Het bereik van de Europese activiteiten kan op dezelfde manier worden geëvalueerd als het bereik van culturele activiteiten in het algemeen, hoewel deze gegevens vooral kwantitatief zijn. Informatie over de bezoekers kan achterhaald worden door middel van enquêtes.

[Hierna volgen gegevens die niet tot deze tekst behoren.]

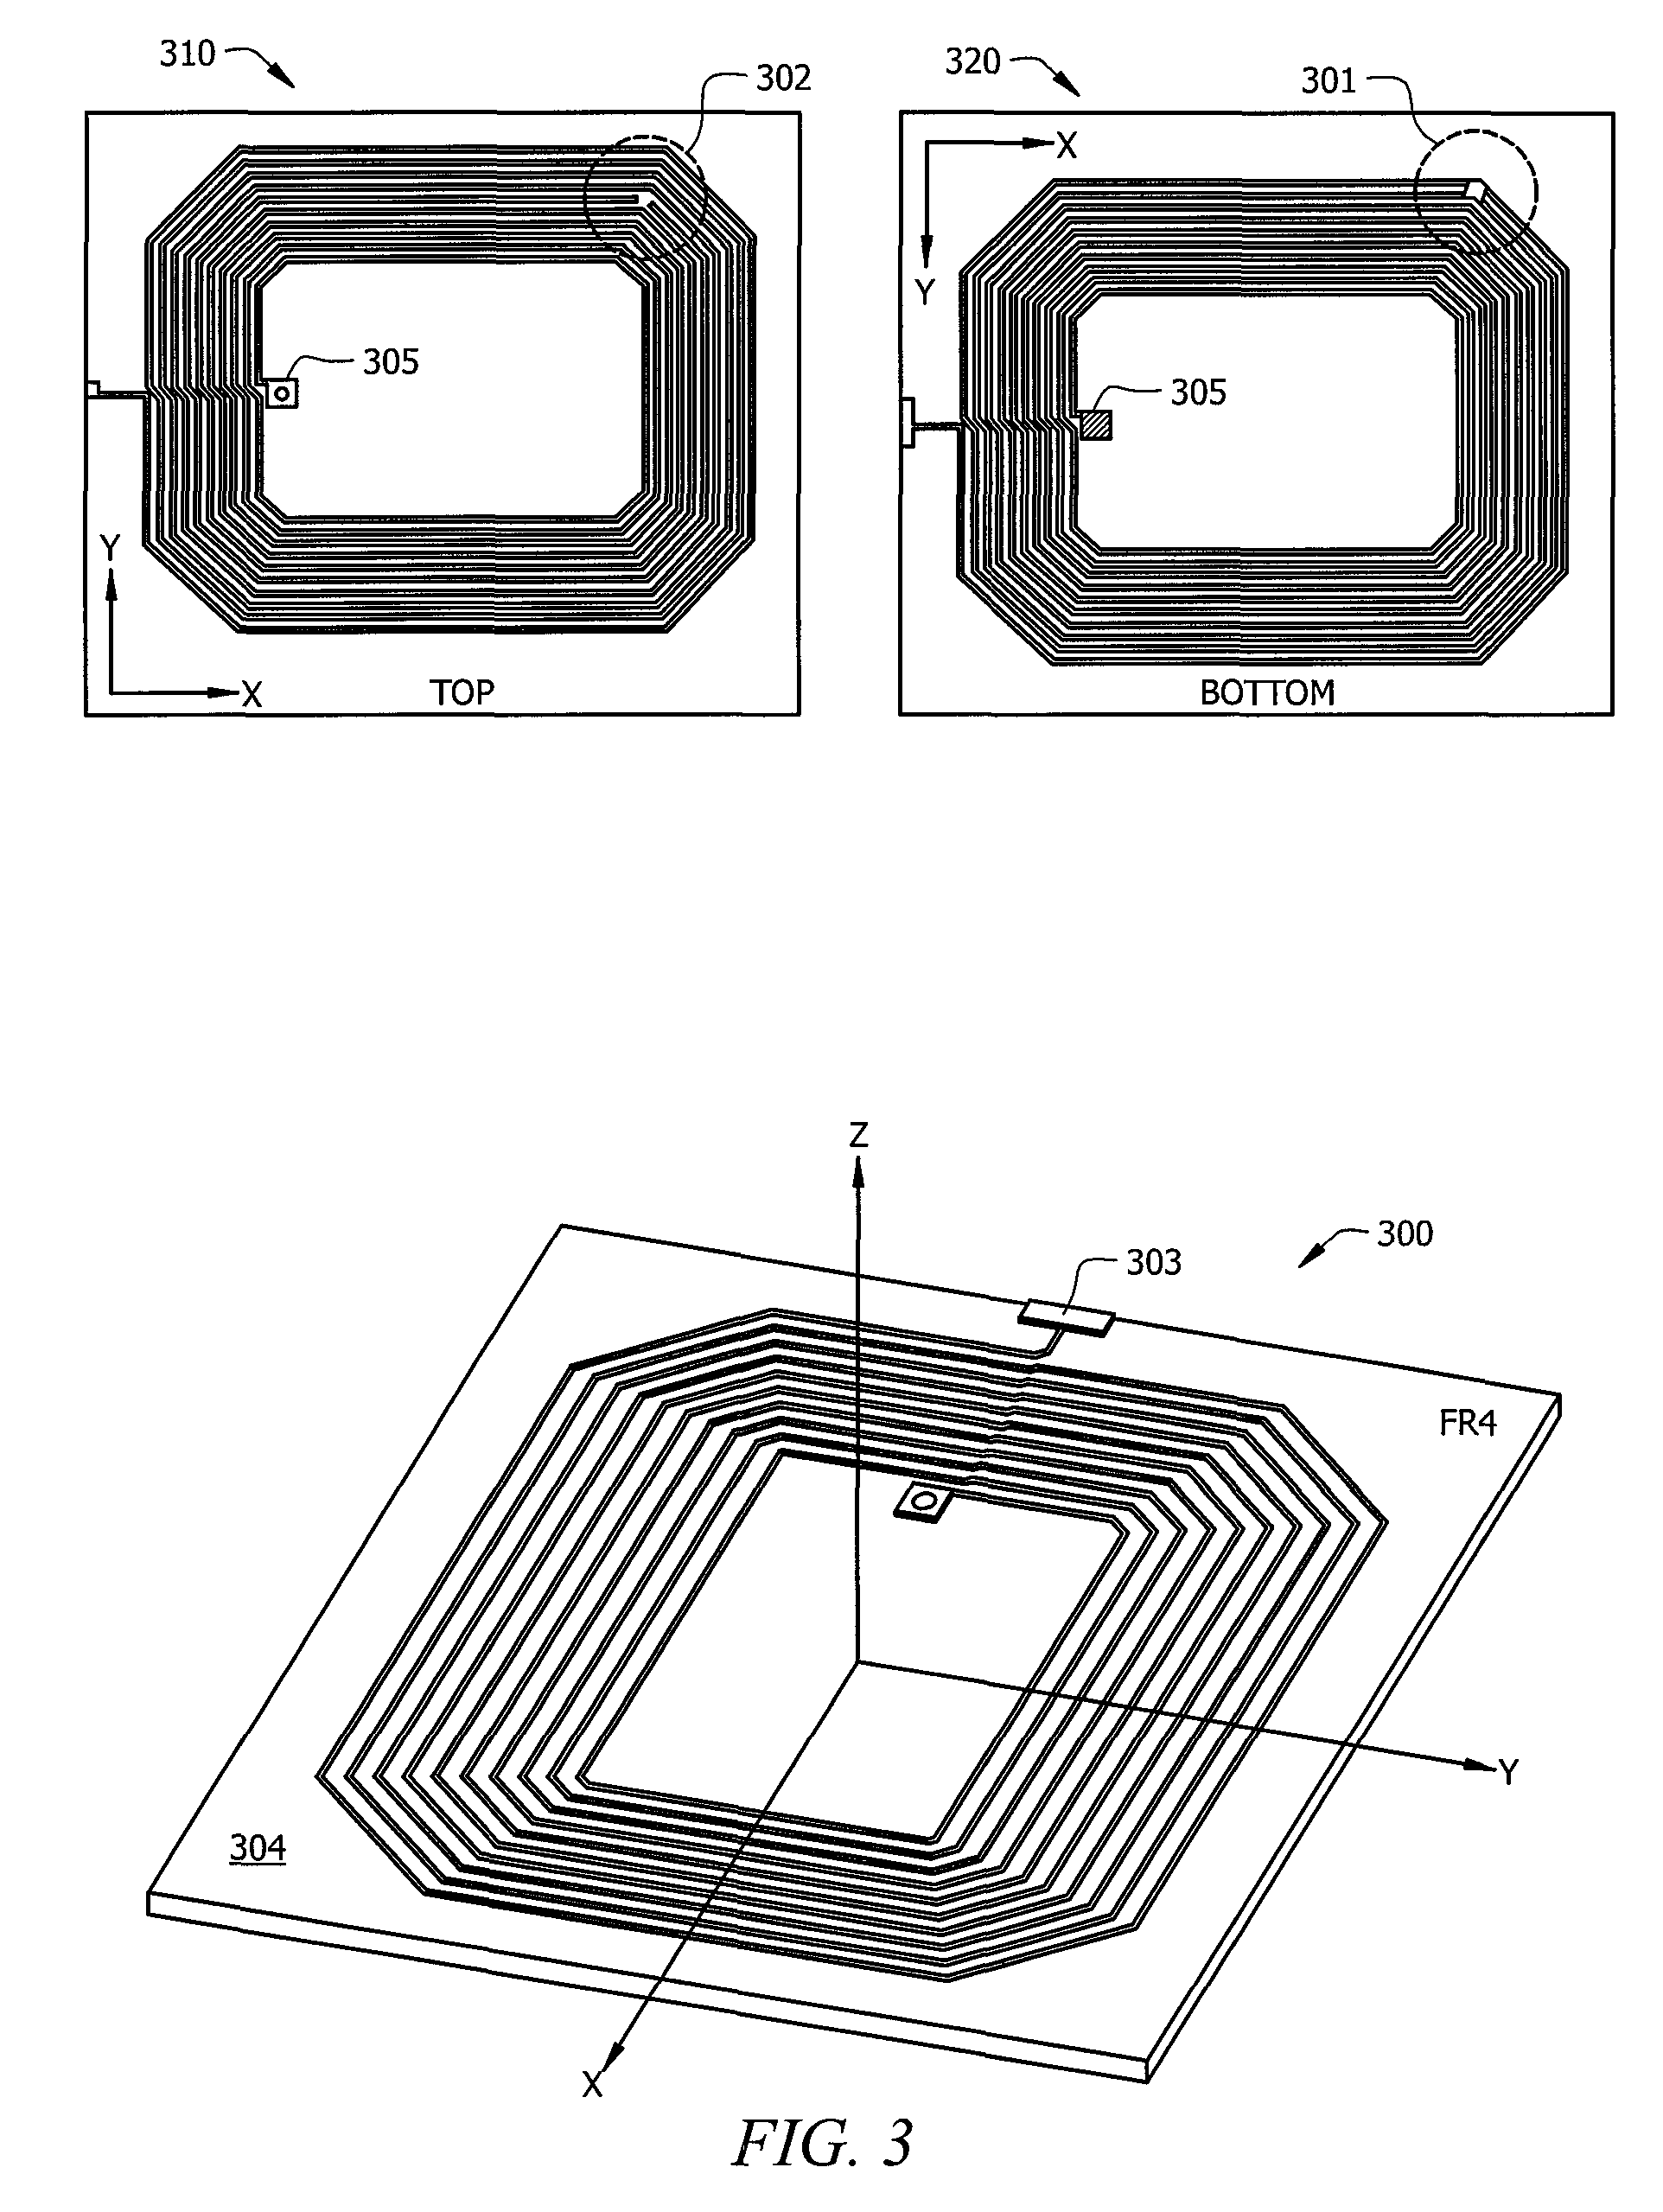 Miniature and multi-band RF coil design

Maatschappelijke Europese waarde

Voor de Culturele Hoofdsteden zou het onderzoek naar veranderingen in de Europese identiteit op meerdere niveaus kunnen plaatsvinden: op het niveau van de stad, het land, en Europa. Dit onderzoek hoeft niet helemaal door de Culturele Hoofdsteden te worden uitgevoerd, maar dit kan bijvoorbeeld plaatsvinden door een vraag in de Eurobarometer, zoals Palmer / Rae Associates voorstellen (2004, vol. 1., p. 131). Het gaat dan om het onderzoeken van de waarden van het ‘culturele identificeren’ in relatie tot de Culturele Hoofdsteden van dat jaar. Als de Eurobarometer deze gegevens structureel gaat onderzoeken, dan kunnen Culturele Hoofdsteden met elkaar worden vergeleken, of kunnen landen die wel of niet een Culturele Hoofdstad hebben gekend met elkaar worden vergeleken. Het apart onderzoeken van de collectieve Europese identiteit omdat de relatie tussen de individuele Europese identiteit en de collectieve Europese identiteit niet direct is. Het is dus niet mogelijk om bijvoorbeeld de gegevens over de culturele individuele Europese identiteit uit twee evaluaties van Culturele Hoofdsteden van hetzelfde jaar bij elkaar op te tellen.

64

Secundaire waarden

Een aantal secundaire waarde-indicatoren zijn relevant voor de Europese dimensie. Europese samenwerking is één van de speerpunten van het EU-beleid ten opzichte van de Culturele Hoofdsteden, en de meest gebruikte invulling van de Europese dimensie. Deze samenwerking moet in het model van Van den Hoogen echter worden opgevat als secundaire waarde, omdat het een middel is om Europa te representeren en verbeelden. In de Kandidaatgids wordt dit onderscheid tussen inhoudelijke en uitvoerings-onderdelen van de Europese dimensie wel, gemaakt, maar in de praktijk blijken de Culturele Hoofdsteden en de evaluaties dit onderscheid niet te maken. Dat is niet verwonderlijk, omdat de EU de Europese samenwerking ook als doel ziet. Waarschijnlijk worden de Europese waarden en de doelstellingen van de Culturele Hoofdsteden verondersteld hier vanzelf uit voort te komen. De gegevens voor het meten van de secundaire waarde kunnen allemaal door de Culturele Hoofdsteden worden verzameld.

65

Conclusie

'We didn't explicitly promote Europe on banners, although we were very aware of the European dimension'

(Stavanger 2008, in ECOTEC, 2009, p. 82).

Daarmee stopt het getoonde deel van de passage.